____ DATASET EXTRACT

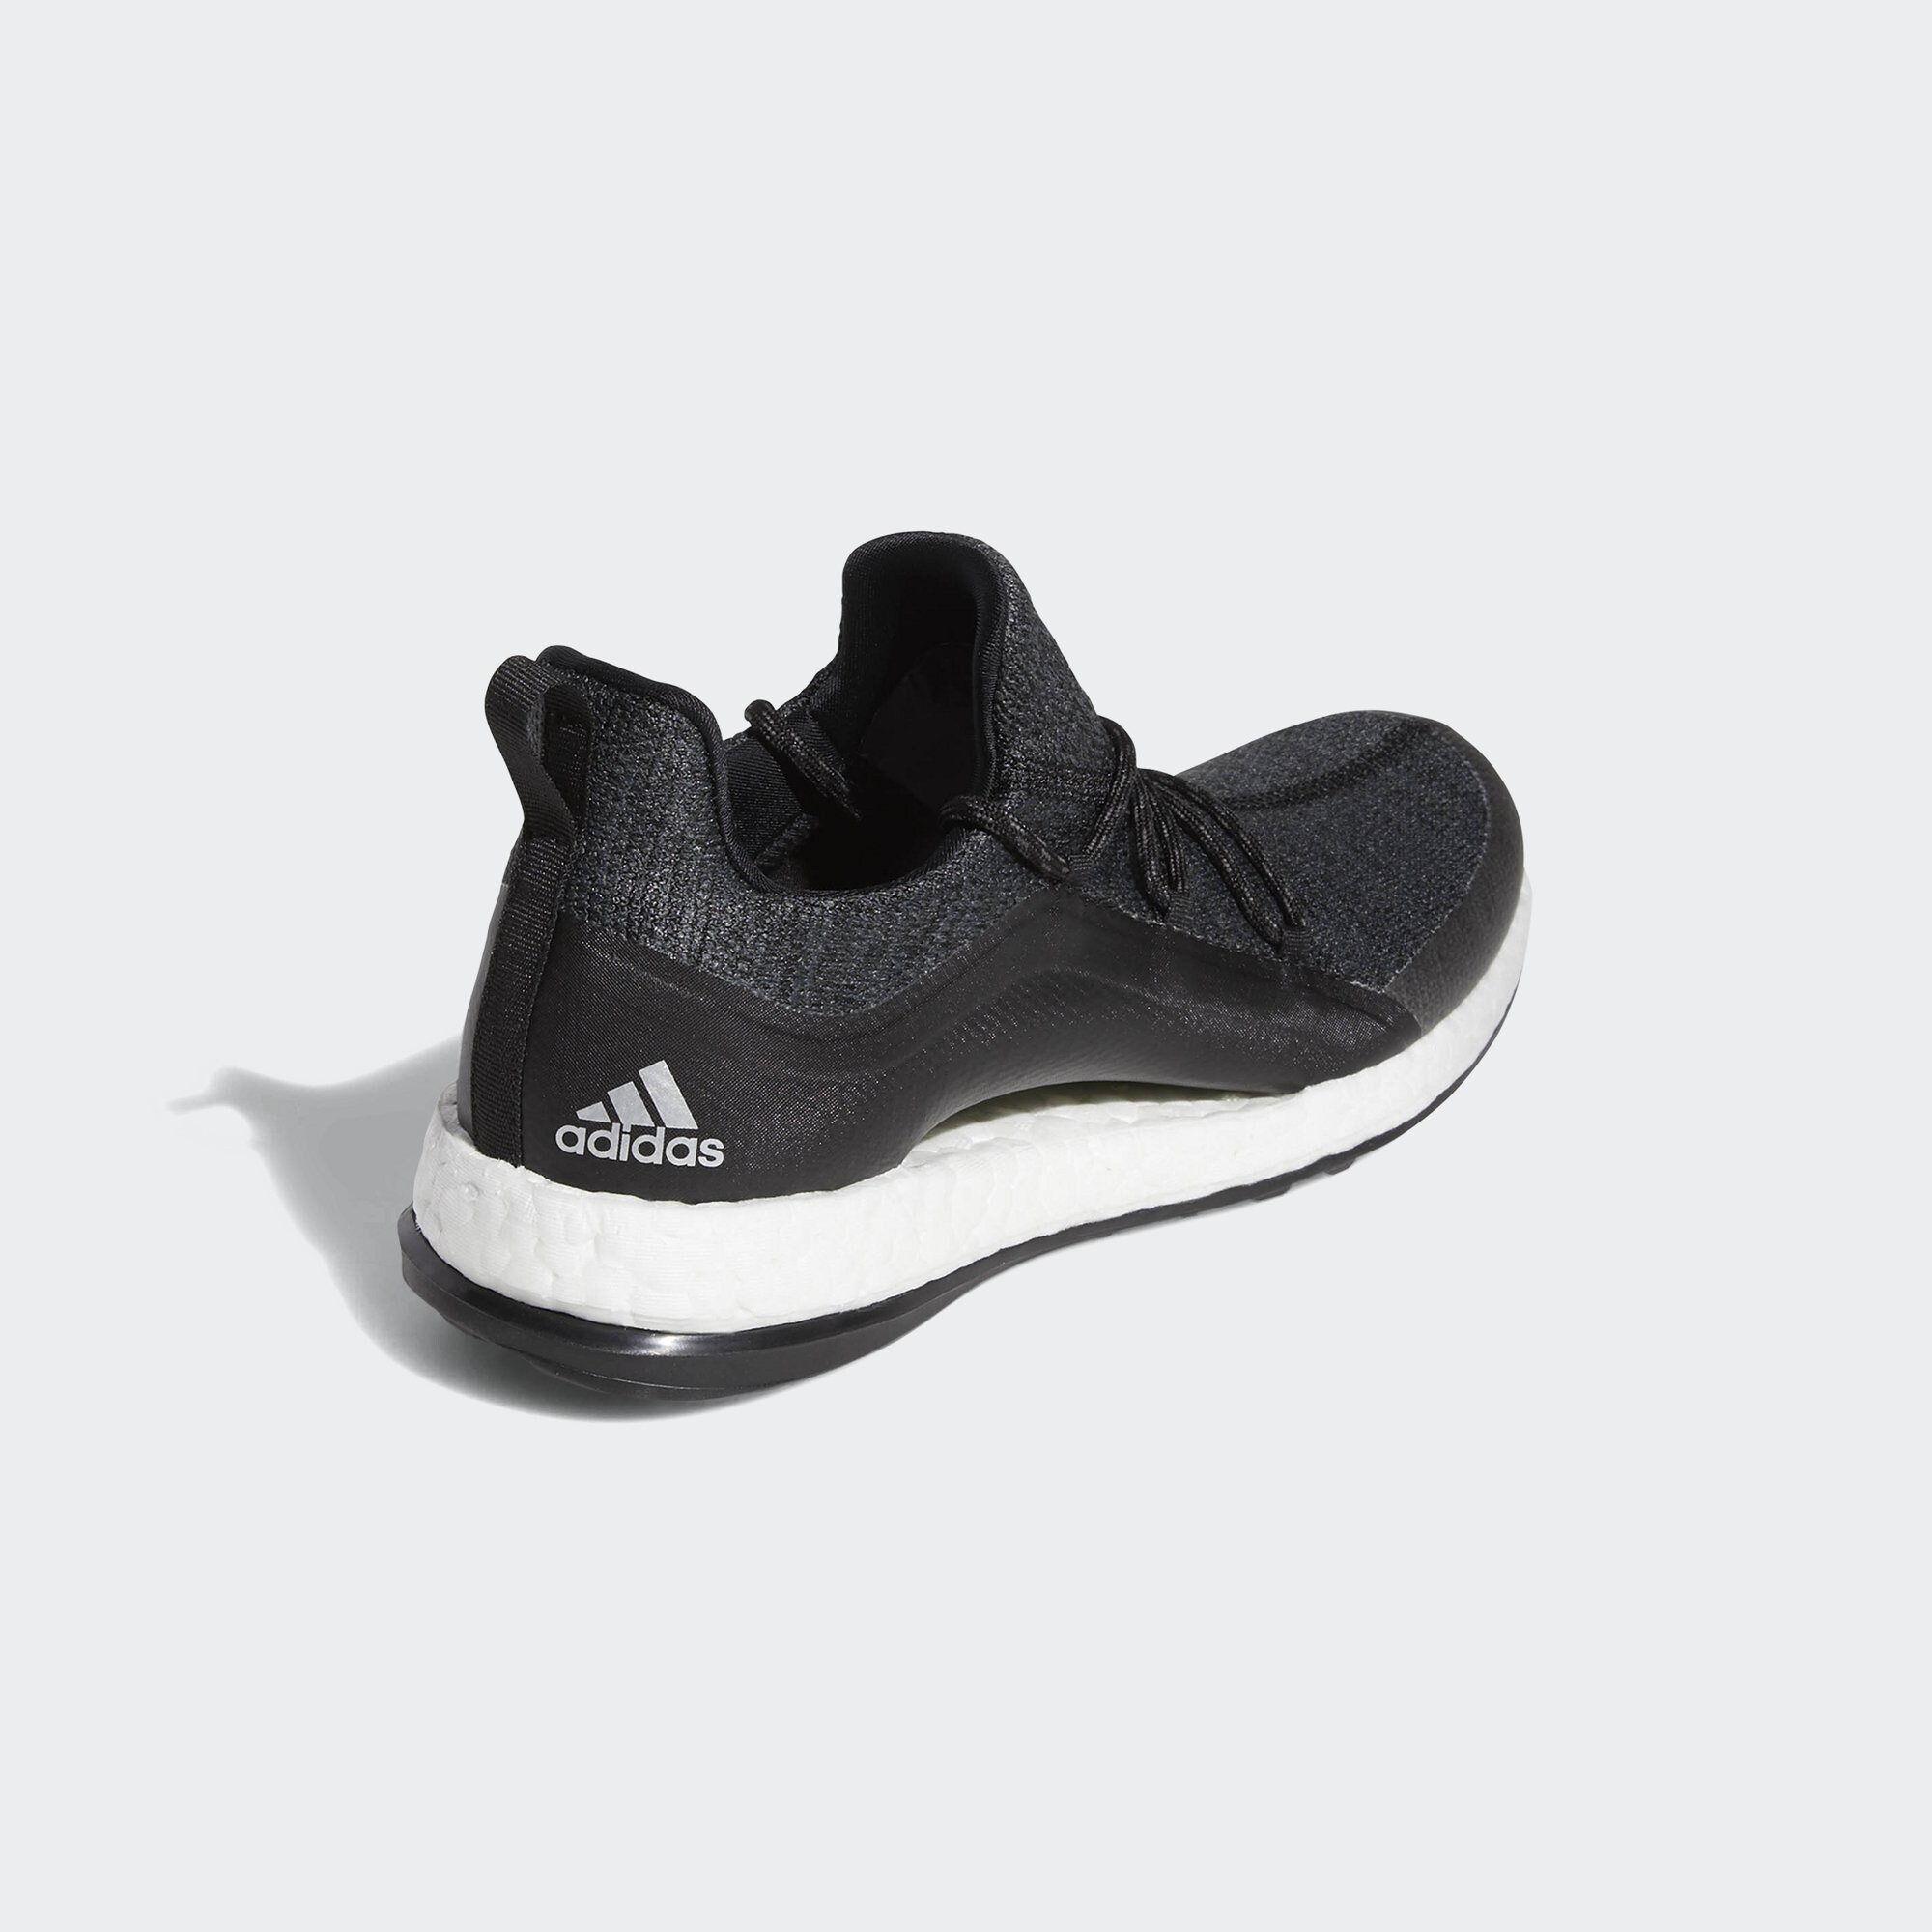 New Adidas Women's Pureboost XG 2 Black/Grey/Silver Met. Golf Shoes BD7195
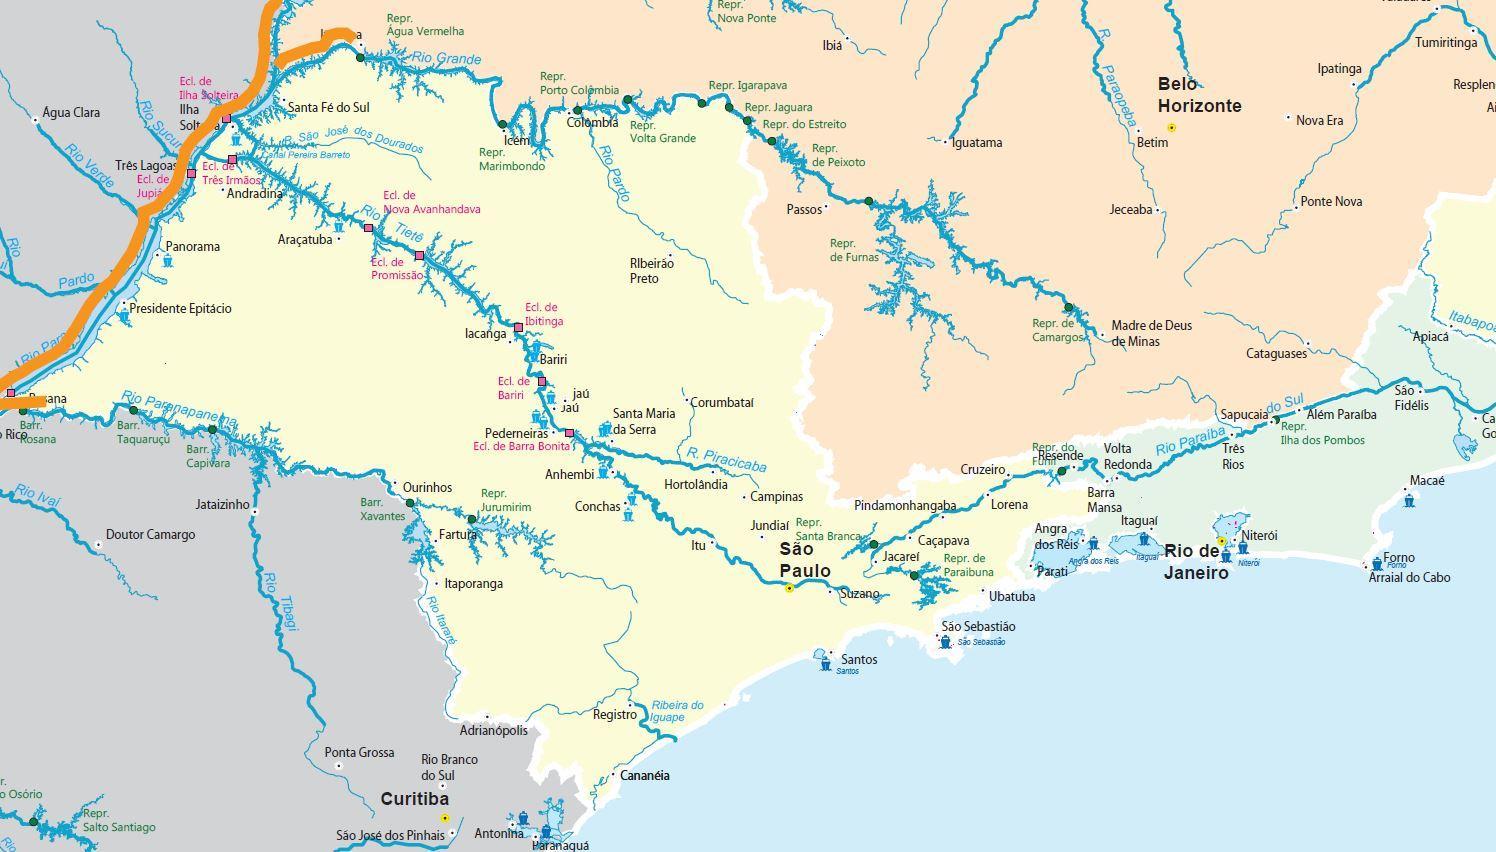 São Paulo Rivers Map Map Of São Paulo Rivers Brazil - Map of sao paulo
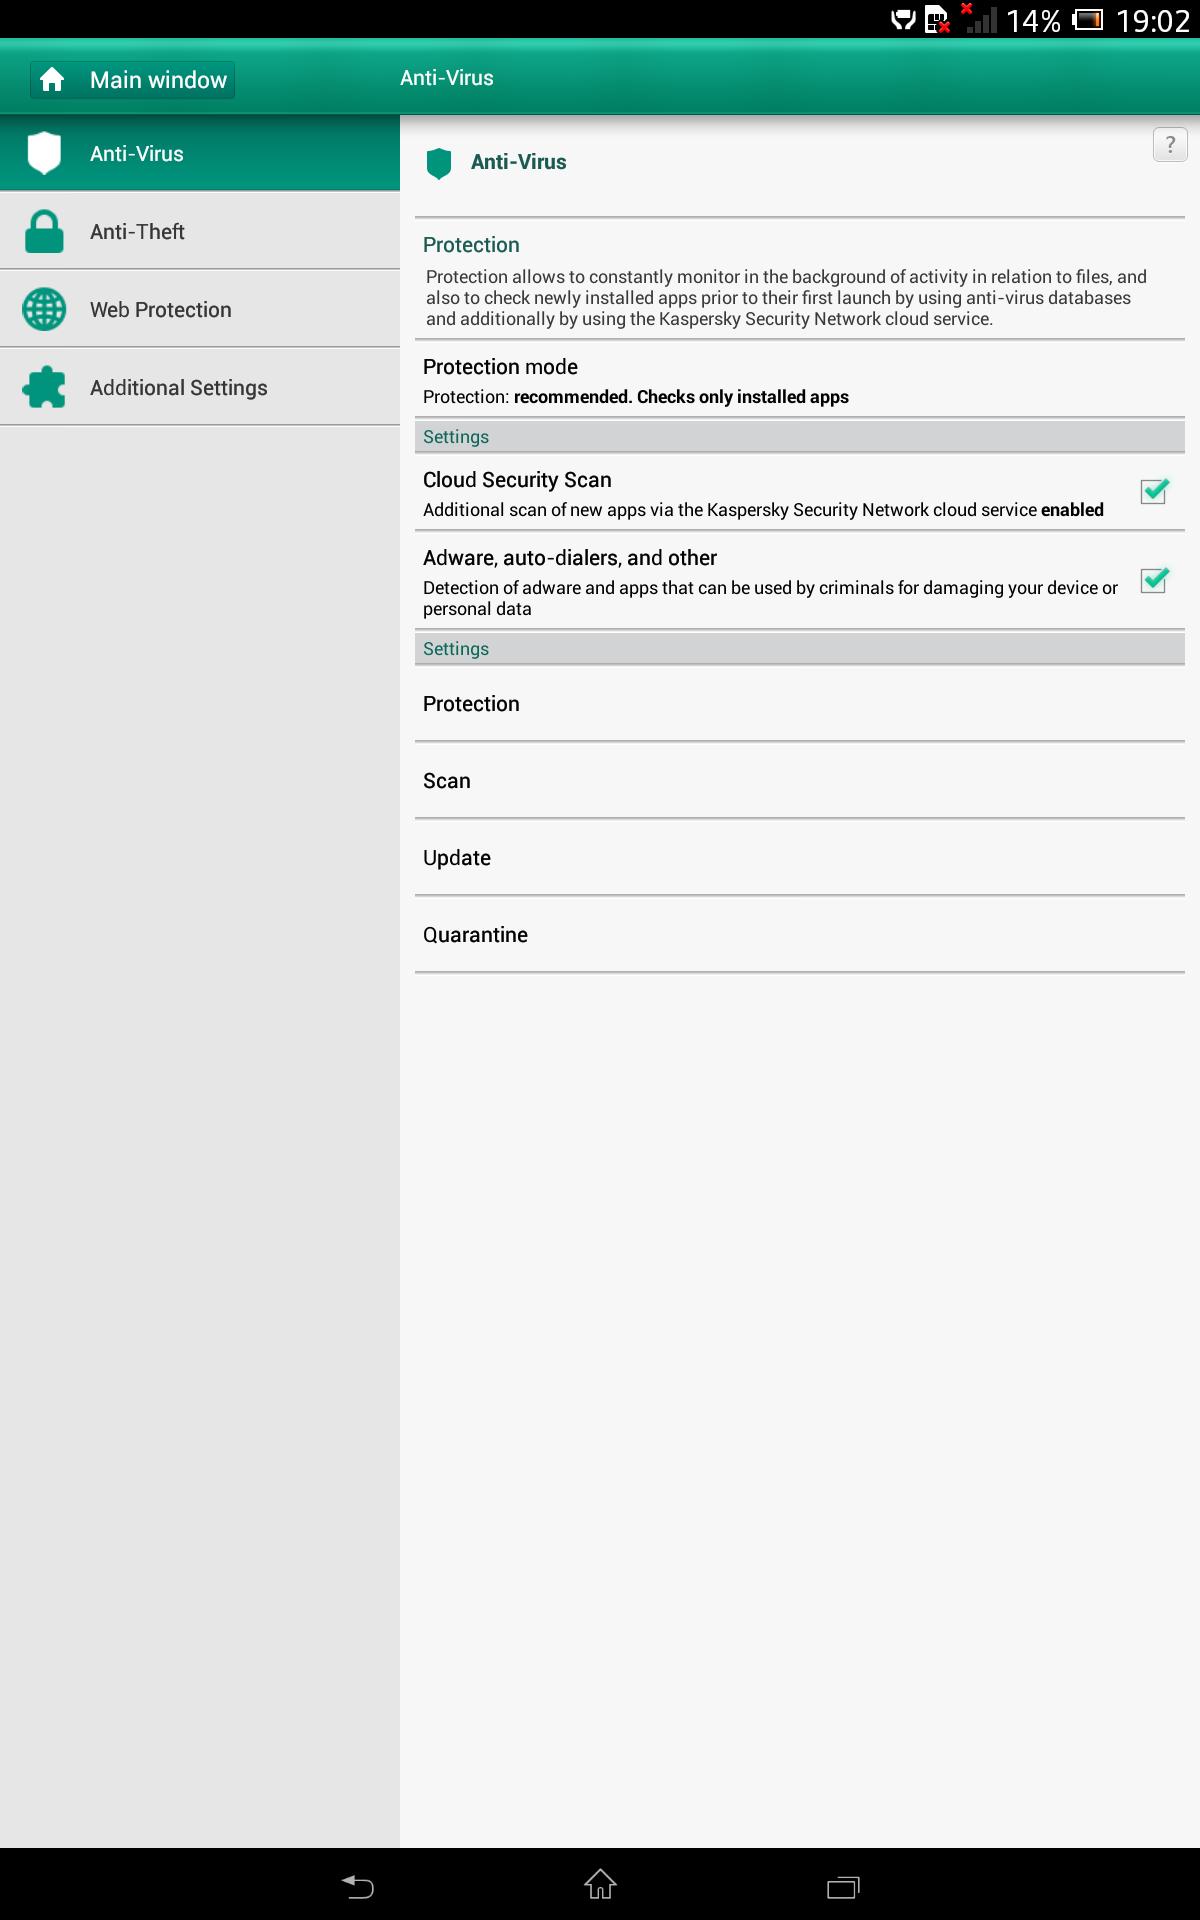 Sony Xpera Z tablet Screenshot 7

________

- **ASSIGNMENT**: Word for word, restate each line above, minus its pictures.

- **RESPONSE BOX**:
 New Adidas Women's Pureboost XG 2 Black/Grey/Silver Met. Golf Shoes BD7195
 São Paulo Rivers Map Map Of São Paulo Rivers Brazil - Map of sao paulo
 Sony Xpera Z tablet Screenshot 7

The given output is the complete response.